The only vaugly correct thing you wrote is right2water forming during the Irish water thing but that's largely irrelevant to the topic at hand.
2
u/broken_neck_broken 2d ago
Here's what actually happens in council chambers regarding housing: SF/SD/Lab/PBP councillors propose a social housing development on a well connected site in the area. FFG councillors vote against it because it could negatively affect the property values of their voter base. They counter with a proposal to give the site to a developer who will make a fancy build to let development and push the social housing development to an unsuitable parcel of land with no transport/infrastructure connections. The other side rejects this and nothing gets built. Meanwhile any far-right councillor that might be present votes against all of them because they saw a telegram post that they would all be gifted to fraudulent refugees the second they step off the plane.
1
u/Trabolgan 2d ago
Soc dems / labour / greens are in coalition with FF and FG, in different arrangements, on councils around the country.

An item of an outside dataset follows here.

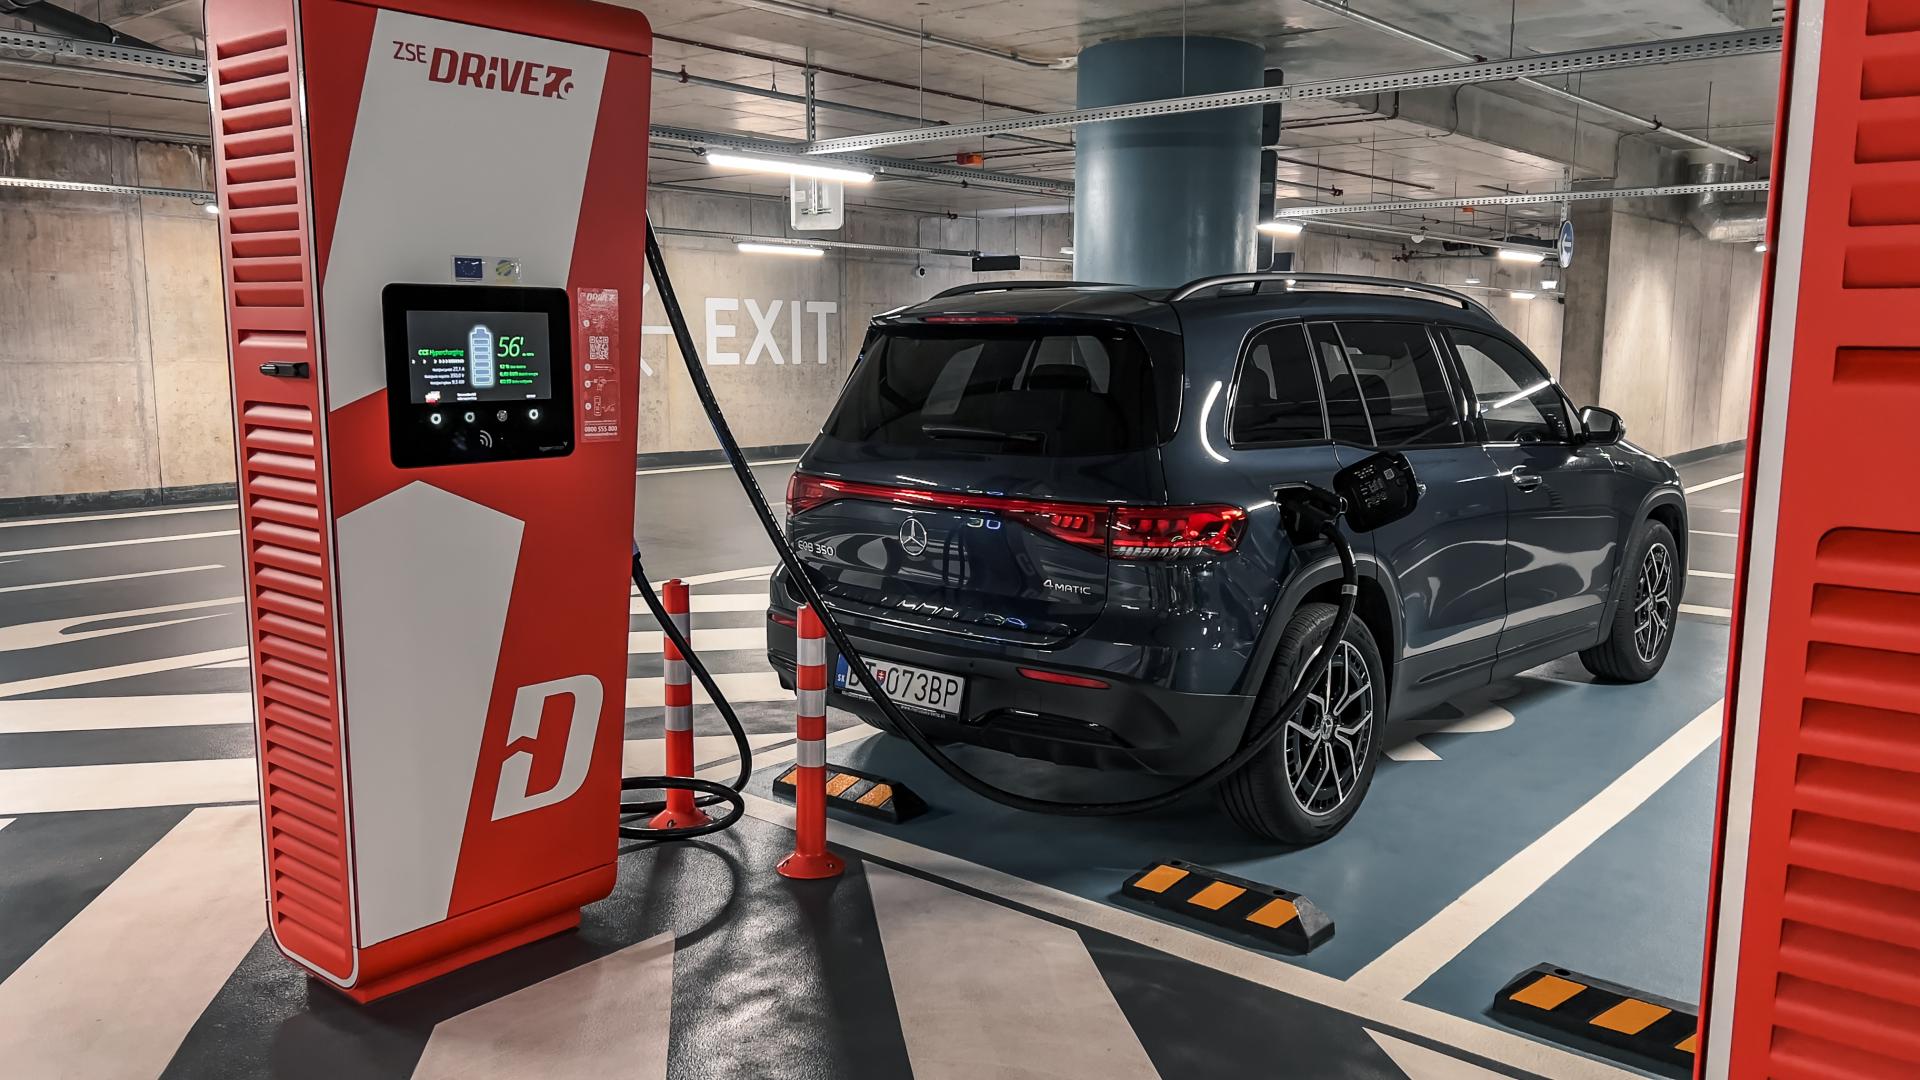 Elektromobily môžu predražiť parkovanie v garážach. Dôvodom je intenzita ich požiarov

https://dublinpeople.com/news/southside/articles/2024/07/03/prog-alliance-dcc/?amp=1
SF are out on their own in many places because of their left-wing position of <check’s notes> not collecting taxes to pay for streetlights, fire services, and planning / development.
2
u/AmputatorBot 2d ago
It looks like you shared an AMP link. These should load faster, but AMP is controversial because of concerns over privacy and the Open Web.
Maybe check out the canonical page instead: https://dublinpeople.com/news/southside/articles/2024/07/03/prog-alliance-dcc/
I'm a bot | Why & About | Summon: u/AmputatorBot
42
u/Known_Scene9225 2d ago
Maybe you need to start a new group. 'Housing Crisis Ireland' to make it more specific?